Now, what’s that number again?

Filed under Memoirs of a Paralegal

Now that the spider fiasco of 2014 has subsided, I suppose it is time for me to actually do some work.  Time I lay my purse down, the phone rings.  Ring!  Now, I am the Paralegal.  The phone chain of command is my assistant, Salina Chavez.  Salina has been late so many times, with so many additional early check-outs, that we have stopped scheduling her by the hours and instead schedule her by the days.  So, as long as she gives me 6 hours a day, I could care less if she shows up before Dae-Dae’s bed time—I want my 6 hours.  She’s just so good.  I finally have someone trained who knows I like extra mayonnaise on my chicken salad sandwich.  I can’t let her go.  But, either way, Salina, then Mr. Howell, then me.  Ring! Not that I mind answering the phone, or that I am too good for phone-duty, my theory is that some of the calls need screening.  There is nothing Mr. Howell cannot handle on an average day-to-day basis.  I am the problem resolver.  That’s my lane.  I drive it daily, keeping my hands at 10-2 and watch my rearview and side mirrors for oncoming traffic.  Ring!  Now, it is almost like the phone is practically screaming my name.

“Howell, Howell, Keith and Knotch, this is Danni, I can help you.”  I’m rolling my eyes with a smile in my voice.

“Hallo,” the voice belts back.

“Good morning.  Howell, Howell, Keith and Knotch.  This is Danni, I can help you.”  By this time, I’m practically singing the lyrics to the one-hit wonder song “Howell, Howell, Keith and Knotch.”  By the “Hallo,” on the other end, I can already deem this conversation is not going to go as educated as I would like.

“Hallo! i’ Mi’ Hah’ll ther’?  the voice responds

OMG!  Amazing!  It has to be a gift to be able to speak without EVER ending any of your words.  Yet, I can vaguely decipher to whom the caller is referring.  I feel like a Facebook post—“if you can read this, you are brighter than 82% of the population.”

Um. Ms. (I stress the z in Ms.) How-well (and yes, I separated the two syllables) is not in at the moment, would you like to leave a message?” I know I could have spoken faster; Nope! Not today.

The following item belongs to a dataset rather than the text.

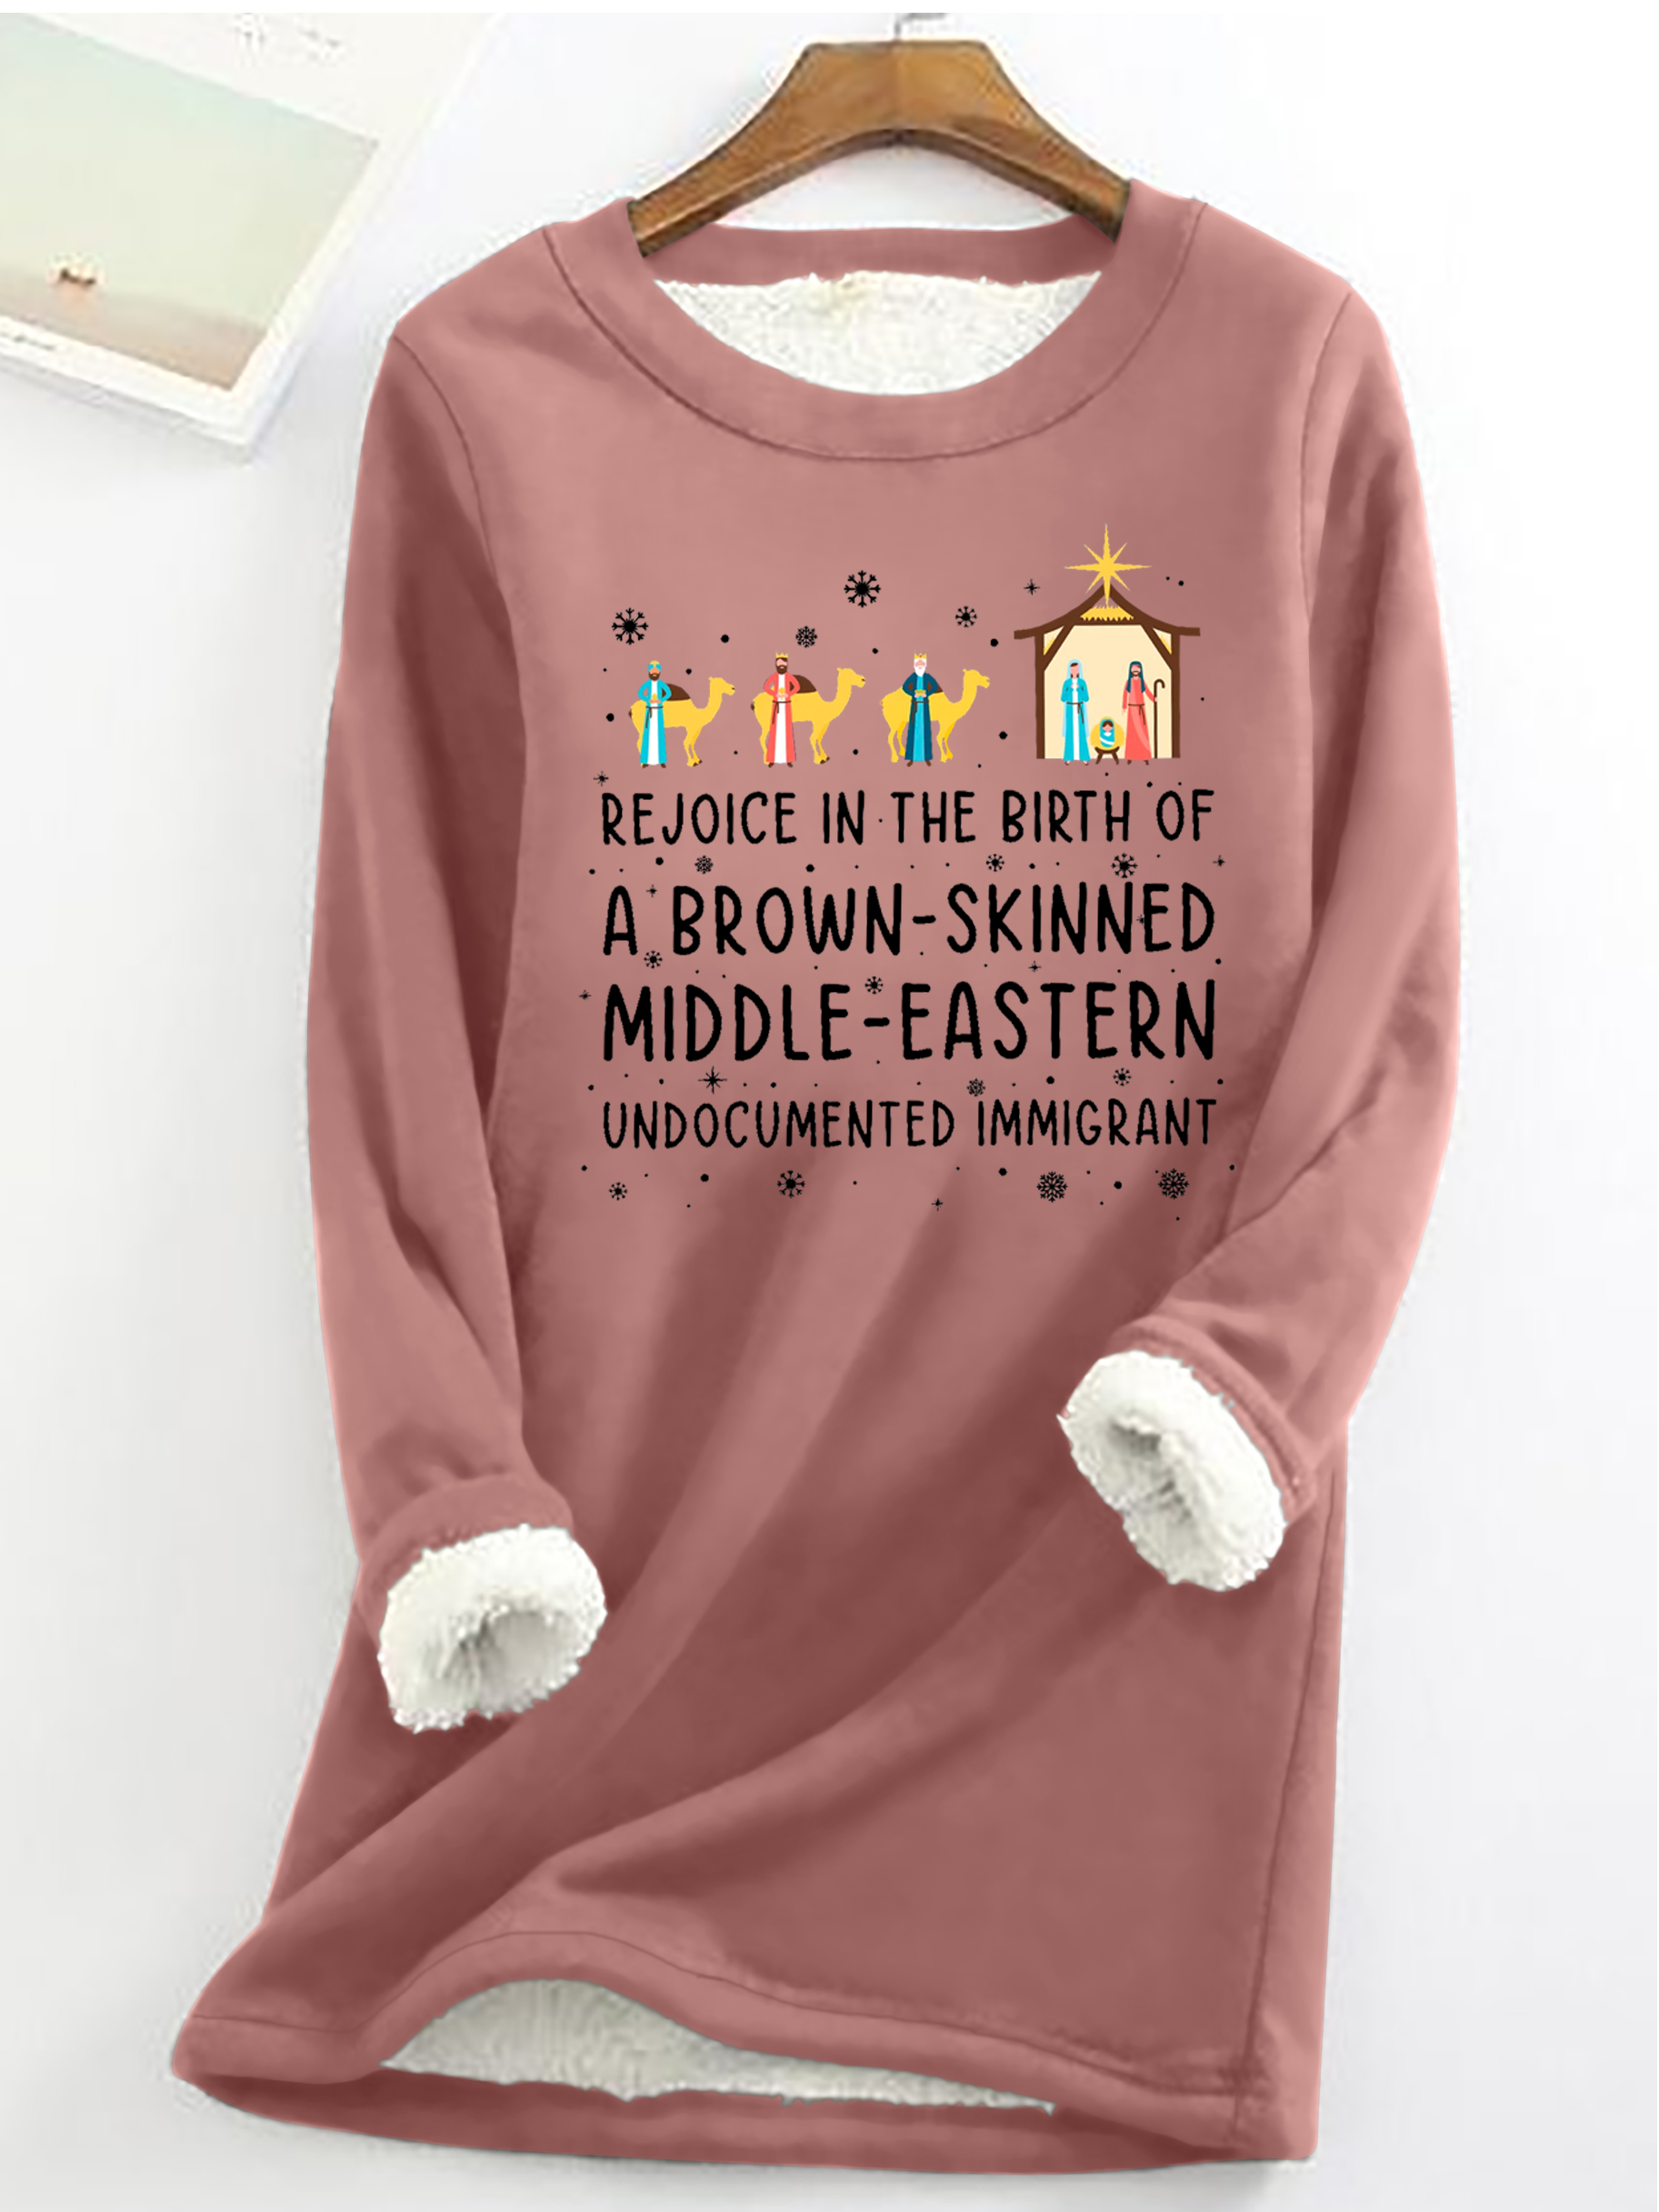 Rejoice In The Birth Of A Brown-Skinned Middle-Eastern Undocumented Immigrant Book Lovers Cotton-Blend Fleece Sweatshirt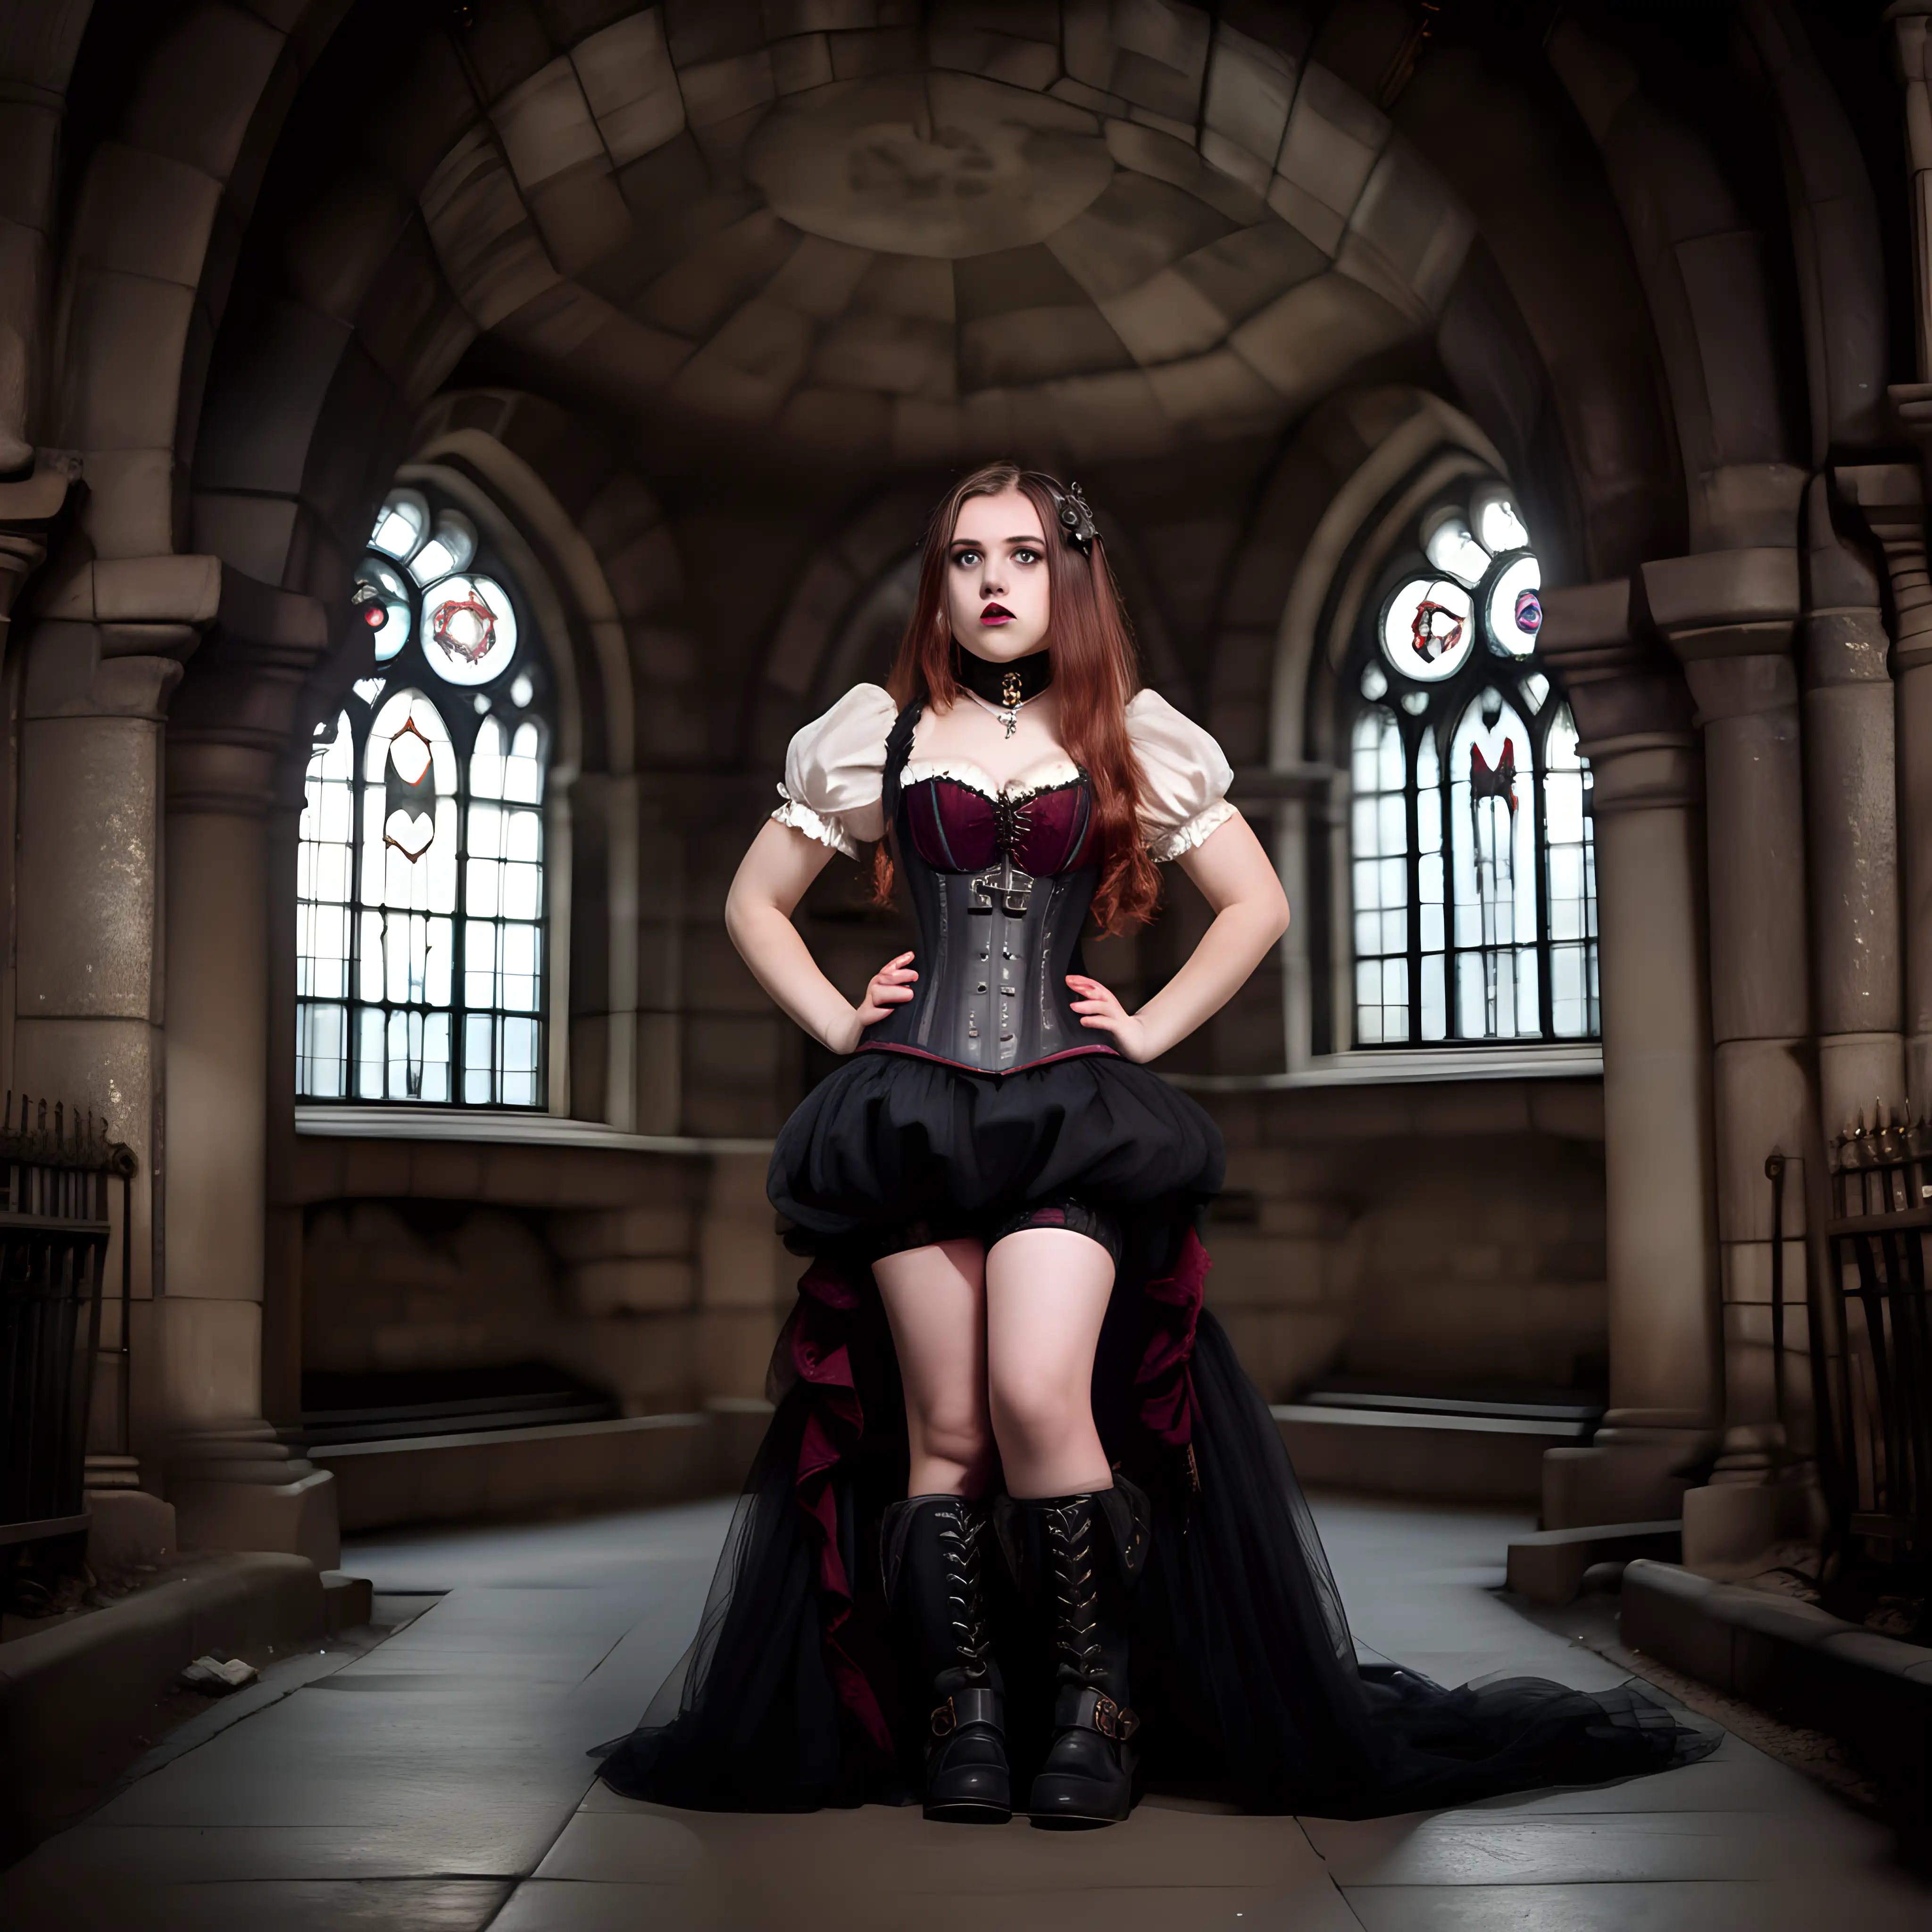 Steampunk Vampire in Victorian Crypt Enigmatic 18YearOld Woman Wearing  Corset and Boots

“Yeah, uhhhh…di’ Caretta Milla.  Can you tell ha to cawl me when she git een? Ma num’ fo oh fo…pause… se’n three fo…pause… nine eight sis fah.”

I can tell she is really struggling trying to remember her phone number. Is she looking it up on her phone?  I can’t take it.  So, I help her.  My pleasure, doll.  So that’s Coretta Miller at four zero four, se-Ven, three fouR, nine eight siX fiVeh?” My voice and diction teacher would be so proud of me right now.  I was catching a cramp in my mouth trying to pronounce every consonant and every vowel that had a voice.

“Yeah. Dank’ya.” Click.  The phone hangs up.

Interesting.  That didn’t sound like Coretta.